■ Problem statement:
An exact reprint of the listing is required, with no pictures included.

*** Given data ***

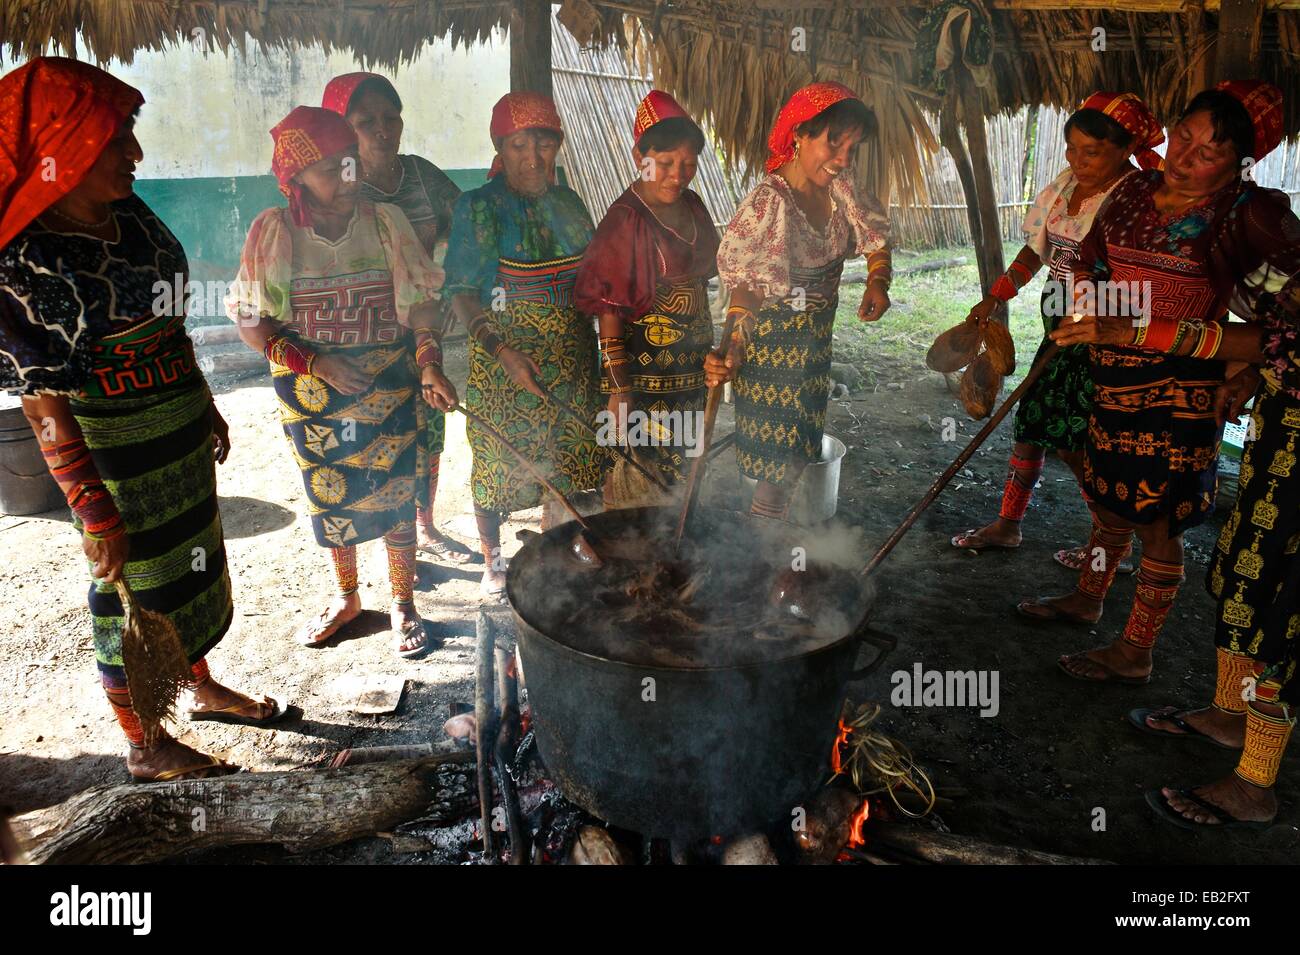 Cuna donne la cottura chicha. Tra i Cuna o Gundetule del San Blas catena di isole, "chicha fuerte" si riferisce al mais fermentato e la nonna saliva miscela che è goduto in speciali o i giorni santi. Foto Stock
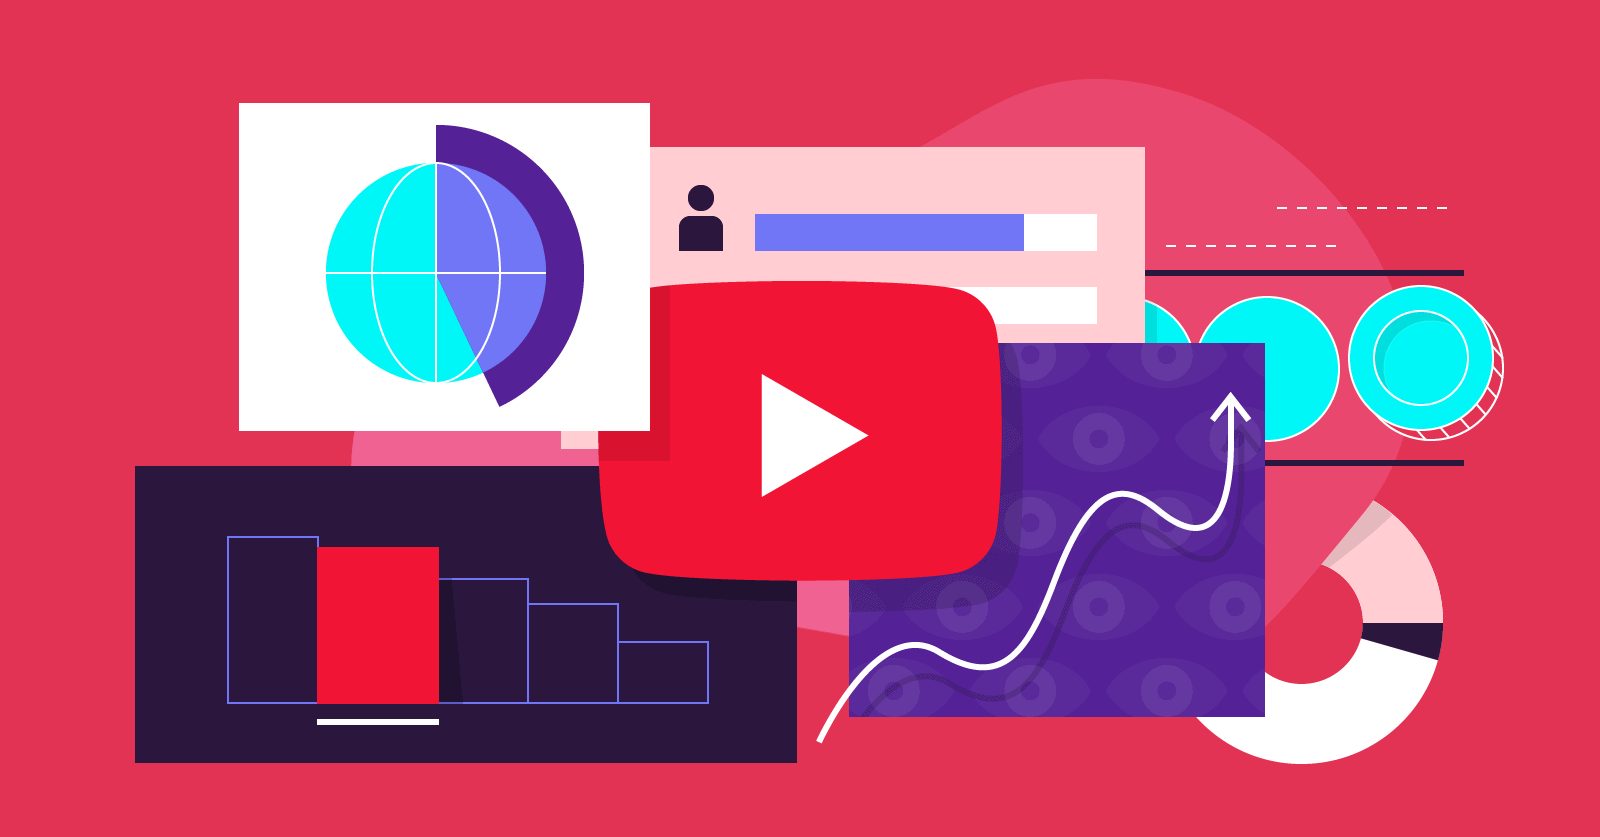 Πόσο εύκολο είναι να δημιουργήσουμε εισόδημα από το YouTube;
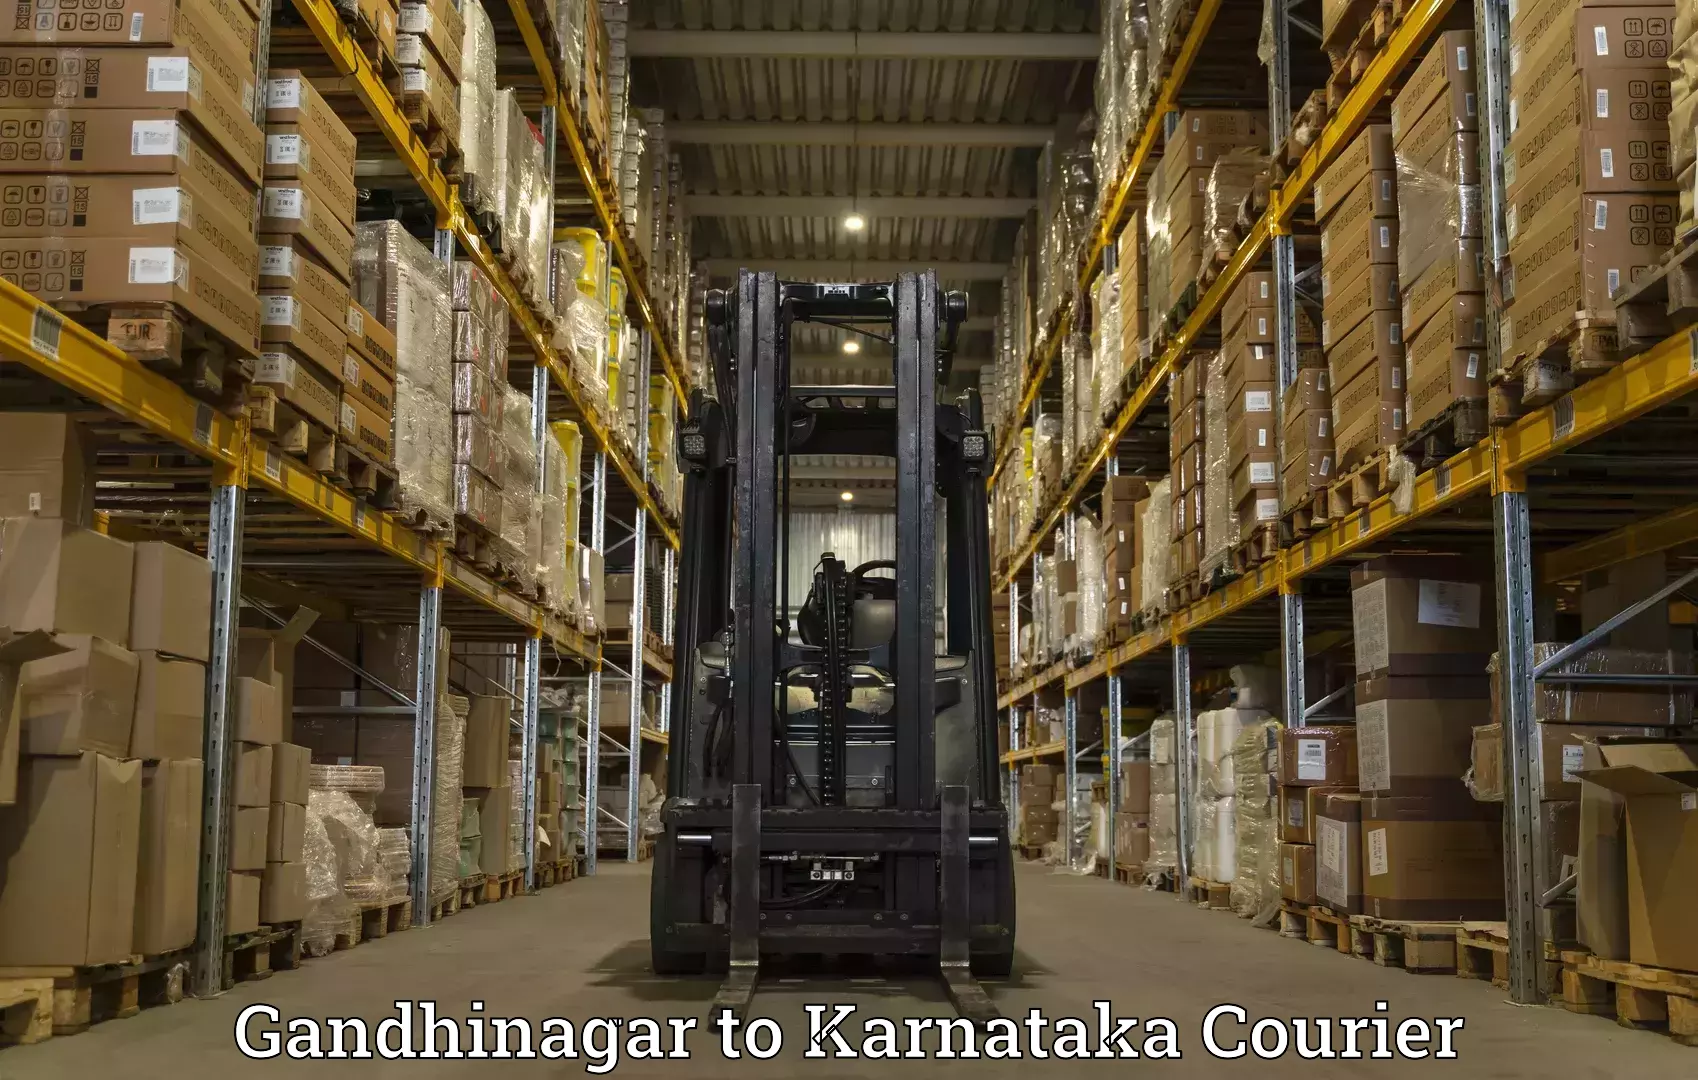 Efficient freight service Gandhinagar to Hubli

*** End of Given data ***

■ Result for this exercise:
 Cuna donne la cottura chicha. Tra i Cuna o Gundetule del San Blas catena di isole, "chicha fuerte" si riferisce al mais fermentato e la nonna saliva miscela che è goduto in speciali o i giorni santi. Foto Stock
 Πόσο εύκολο είναι να δημιουργήσουμε εισόδημα από το YouTube;
 Efficient freight service Gandhinagar to Hubli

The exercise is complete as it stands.